Madras High Court
Commissioner Of Income Tax vs S. Palaniswamy on 16 August, 1995
Equivalent citations: [1996]219ITR380(MAD)
JUDGMENT Abdul Hadi, J.
1. In this tax case under s. 256(1) of the IT Act, 1961, preferred by the Revenue, the respondent/assessee remained unrepresented. So, we have heard learned counsel for the Revenue alone.
The question referred to this Court is as follows :
"Whether, on the facts and in the circumstances of the case, the Tribunal is correct in law in holding that the assessee is entitled to depreciation at 40% in respect of the buses (on the basis of the notification dt. 24th July, 1980) for the asst. yr. 1980-81?"
2. In other words, prior to the abovesaid notification dt. 24th July, 1980 which brought about the IT (Fifth Amendment) Rules, 1980, which, inter alia, inserted item (1A) in Group E under the heading III "Machinery and plant" in Part I of Appendix I to the IT Rules, 1962, the rate of depreciation for the assessee 's buses was 30% and by the said notification, the said rate was 40% and is applicable to the assessment year in question namely, 1980-81, though the said notification came into force only during the course of the said assessment year, i.e., on 24th July, 1980. No doubt, the said IT (Fifth Amendment) Rules, 1980, says that the said rules shall come into force "at once". But the said rules cannot be given effect to, retrospectively from 1st April, 1980, the first date of the assessment year.

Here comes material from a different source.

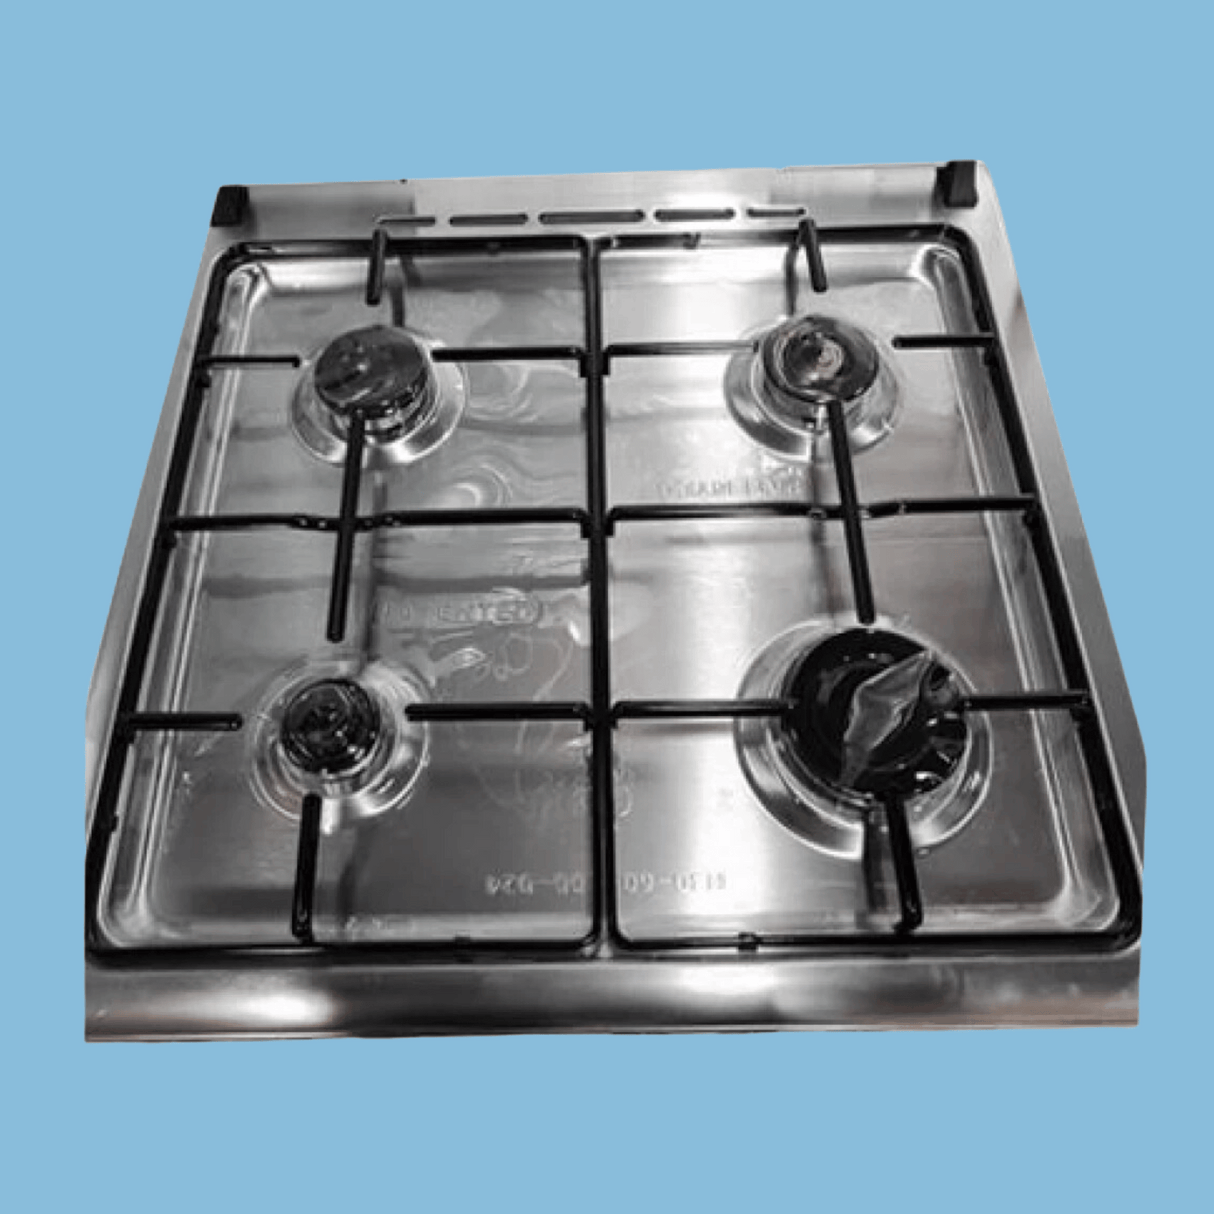 Titan 60x60cm Free Standing Full Gas Cooker, 4 Gas Burners, Gas Oven & Grill – TN-FC6400XA – Silver

It is settled law that though the subject of the charge is the income of the previous year, the law to be applied is the law that is in force as on 1st April, of the assessment year in question, unless the said law is changed. If the intention is to change the law on the above point retrospectively from 1st April of the abovesaid assessment year, it could have been expressly done since such power to amend the rules is given to the CBDT under s. 295(4) of the Act which says that the power to make rules conferred by this section shall include the power to give retrospective effect, from a date not earlier than the date of commencement of this Act, to the rules or any of them. So, simply because the abovesaid expression "at once" is used in the abovesaid amending Rules, it cannot be said that the said rules have retrospective effect from 1st April, 1980.
The Tribunal has not considered the abovesaid well settled legal position and has only observed that the AAC was right in granting depreciation at the rate of 40% following the earlier order of the Tribunal.
We also find support for the above view taken by us in the decisions of CIT vs. S. A. Wahab ; CIT vs. Mirza Ataullaha Baig (1993) 202 ITR 291 (Bom) and S. P. Jaiswal Estates Pvt. Ltd. vs. CIT . Of the above referred to three decisions, the former two considered the very same notification as the present one, while the last of the three, dealt with a similar notification which came in later.
3. The net result is we answer the question referred to us in the negative and in favour of the Revenue. No costs.